The German of today is no different from that of
ten, twenty or thirty years ago. Since then the
number of Germans has not increased to any
considerable extent. The capabilities of genius
and energy cannot be considered more plentiful
than in former times. The one thing which has
changed considerably is the way in which these
values are utilized to the full by the manner of
their organization, and thanks to the formation
of a new method of the selection of the leaders.
[...]
Gentlemen, we are faced with enormous and
stupendous tasks. A new history of the
leadership of our nation must be constructed.

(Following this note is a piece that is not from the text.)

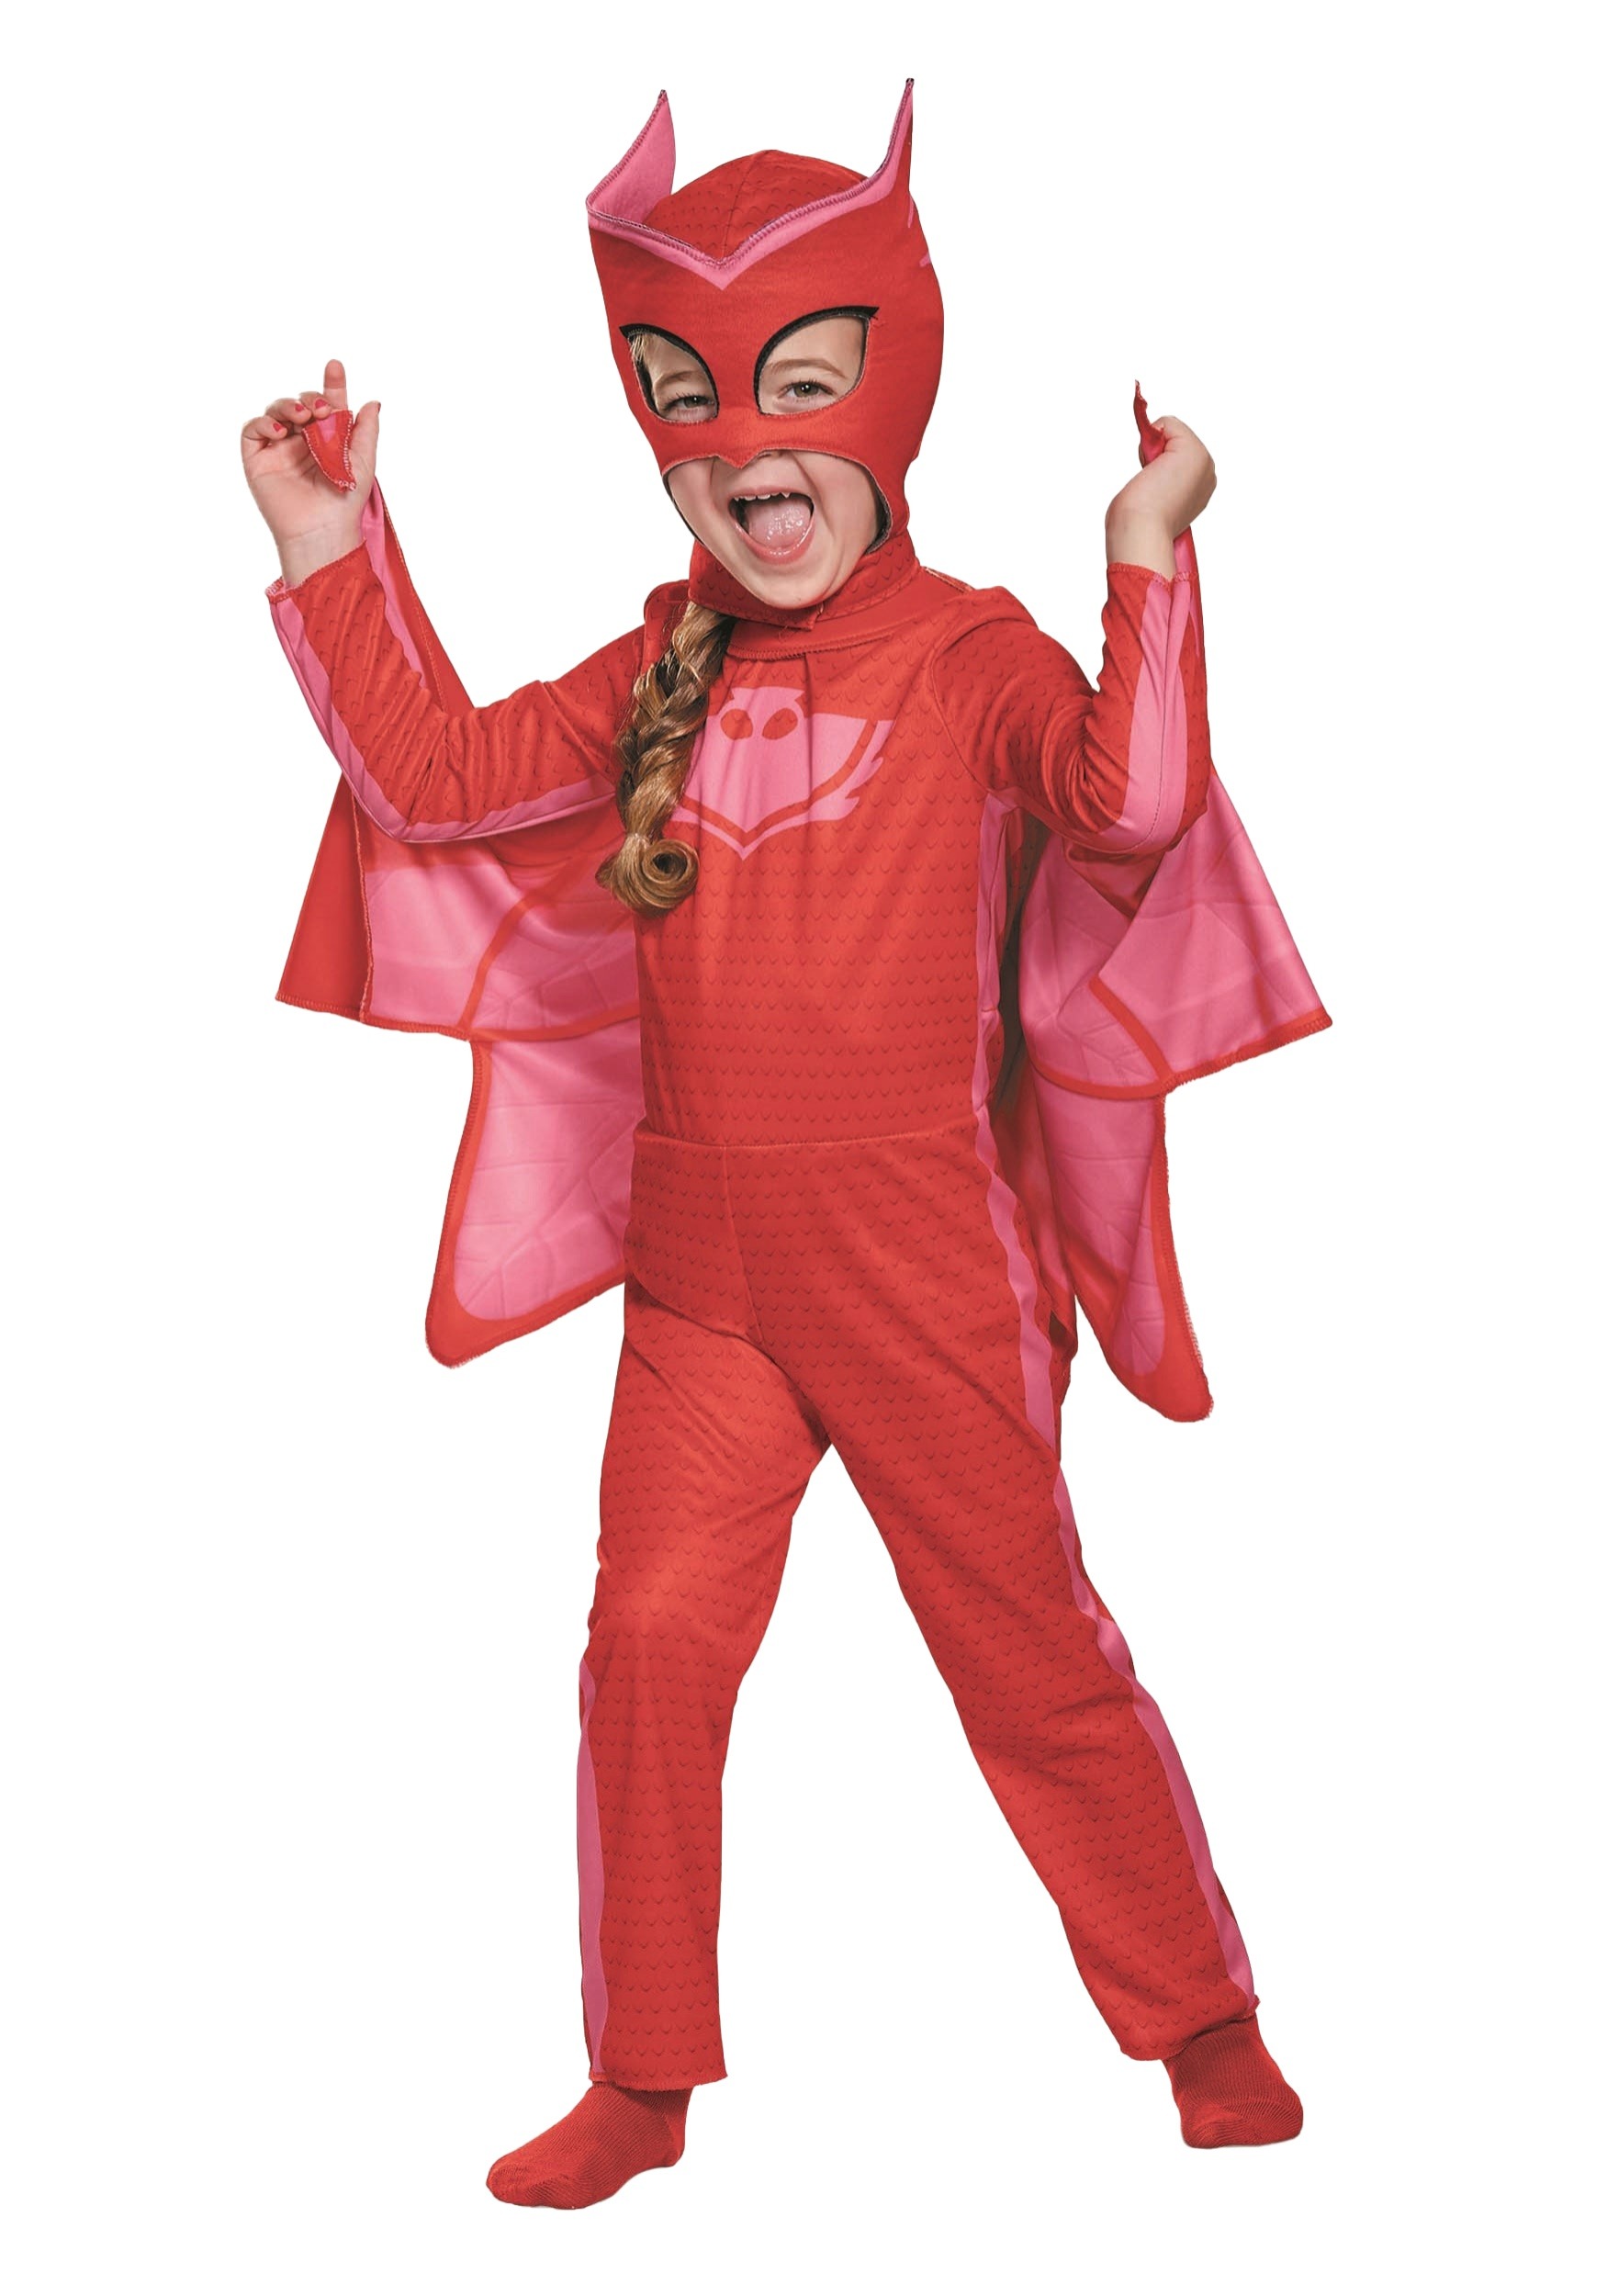 Photos - Fancy Dress PJ Masks Disguise  Classic Owlette Costume for Toddlers Red DI17156

Its composition is dependent on race. It is,
however, just as necessary to demand and make
sure through the system and method of our
education that above all bravery and the
readiness to accept responsibility will be
regarded as essential qualities in those about
to assume public office of any kind.
When appointing men to leading positions in the
State and party, greater value should be placed
on character than on purely academic or
allegedly intellectual suitability. It is not
abstract knowledge which must be considered as a
decisive factor wherever a leader is required
but rather a natural talent for leadership, and
with it a highly developed sense of
responsibility which brings with it
determination, courage and endurance. It must be
recognized on principle that the lack of a sense
of responsibility can never be made up for by a
supposedly first-class academic training, of
which certificates may supply the fruit.
Knowledge and qualities of leadership, which
always imply energy, are not incompatible. But
in doubtful cases knowledge can in no
circumstances be a substitute for integrity,
courage, bravery and determination. These are
the qualities that are more important in a
leader of the people in the State and party.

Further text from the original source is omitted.